Abingdon Museum is celebrating Christmas with an array of the historic, the fun and the bizarre, writes SYLVIA VETTA

Mince pies, Queen Elizabeth I, pico-pipes and rollerblading are all features of a Christmas Show at Abingdon Museum. Lauren Gilmour, the curator, will provide the food, the Oxford Drama Wardrobe Collection the costume for the Tudor monarch, and the Bate Collection in Oxford is lending the pico-pipes. But the rollerblading?

Simon Coates, the director of Abingdon Touring Theatre, assures me rollerblades are essential to celebrate December 25 in modern-day Venezuela.

Abingdon County Hall is home to the town's museum. This attractive building was completed in 1682 under the supervision of Christopher Kempster, who was one of Christopher Wren's masons at St Paul's Cathedral. Although the identity of the architect is not certain, it is Grade-I listed and its fine proportions are in the style of Wren.

Lauren said: "Oxfordshire Museum Service's collection from Christmas Past features Victorian, Edwardian and 20th-century cards and cake decorations, toys, gifts, tins and spices for creating the Christmas cake, pudding and pies, recipes and sometimes the food itself."

The festive mince pies are the first ingredient but what about the Queen?

"On display are costumes intended for a series of historical personalities, including Samuel Pepys, whose Christmas celebrations will surprise you, and fictional characters from Alice in Wonderland, Beauty and the Beast and Aslan's cloak from a Dragon School production of The Lion, the Witch and the Wardrobe are on loan from the Oxford Drama Wardrobe Collection."

The collection of clothing was started in the 1930s by Beatrice Saxon-Snell and under Alex Graham has grown to 4,500 items including original historic garments. At least one of its regal pieces will be on display in Abingdon.

Hugo Brunner, Lord Lieutenant of Oxfordshire and Patron of the Wardrobe, said: "It is a unique resource of which Oxfordshire can be justly proud."

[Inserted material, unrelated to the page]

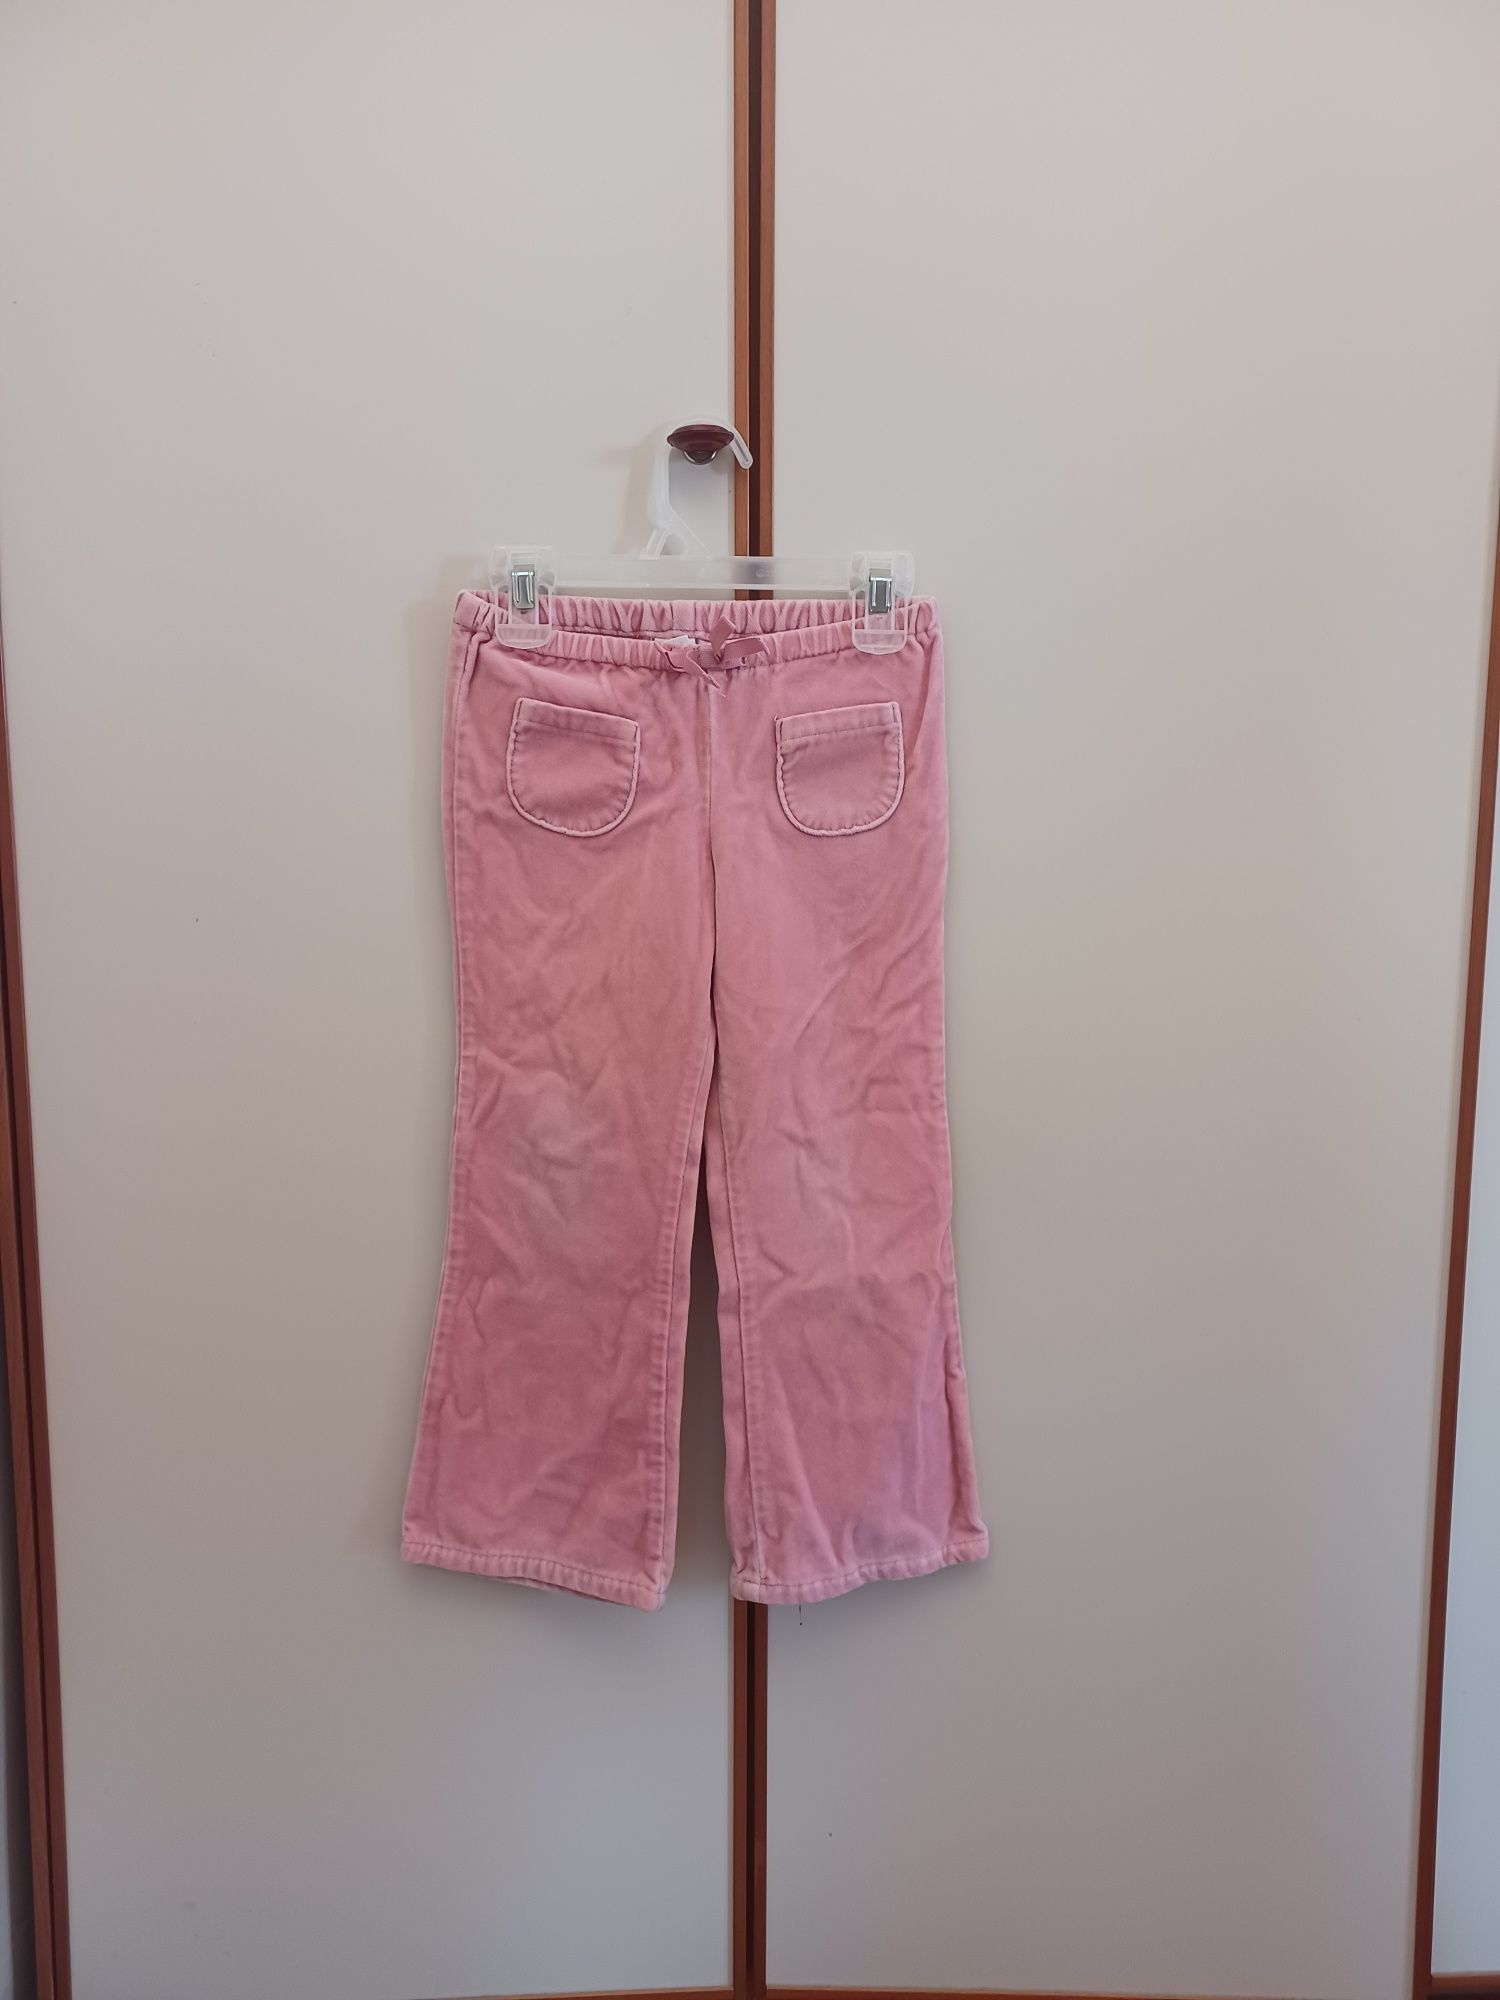 Spodnie Gap dla dziewczynki na ok 5 lat

Music, of course, as well as the theatre, feature in many people's festive entertainment. From the Bate Collection has come eight rare instruments. That accounts for the pico-pipes but also for a strange instrument, the harp-lute-guitar, and a serpentine used to accompany early choirs reminiscent of Thomas Hardy's woodlanders wassailing around the village.

As for the famous diarist, curator Lauren Gilmour said "On one occasion his wife's black eye meant they had to cry off an invitation to Christmas festivities at the home of Pepys' superior officer's."?

That still leaves the rollerblading. This is where the Abingdon Touring Theatre comes into the picture. Actors Ben Revell and Amy Standish will be in the museum between 1.30pm and 3.30pm every day between December 27 and 31. They will entertain visitors with a cabaret of unusual ways people celebrate in other parts of the world - including rollerblading to church in Venezuela! To outsiders some of our customs may seem strange. Some years ago I took an American friend to a dress rehearsal of our village pantomime. While I enjoyed joining in with "he's behind you", my friend was completely mystified as to why anyone pays to see this entertainment.

Simon Coates, who founded Abingdon Touring Theatre two years ago, said of their performance: "We are all in the 18-25 age group. Performers are either gap-year students or recent drama school or university graduates. For most this is their first experience of the professional theatre. Only two are full time so I describe ATT as a 'rolling company'.

"Last year we travelled around the county with productions of Talking Heads by Alan Bennett and Aesop's Fables. Our 2008 programme begins in Thame on January 17 with John Godber's Teechers."

This is only the second exhibition in the Abingdon Museum I have reviewed, the first being their Swinging Sixties exhibition. Mounting shows along side the permanent collections poses a problem. The elegant building has changed little since the 17th century and the museum is applying for a Heritage Lottery grant to enable it to fulfil functions for the 21st century. The proposal is to glaze in the arcade and create lift access to the magnificent first-floor Sessions Hall.

The exhibition continues until January 9. Entry is free. There are also family activities in the gallery December 27 and 28 and January 2-5, and from December 27-30 is The Night after Christmas with Oxfordshire Touring Theatre.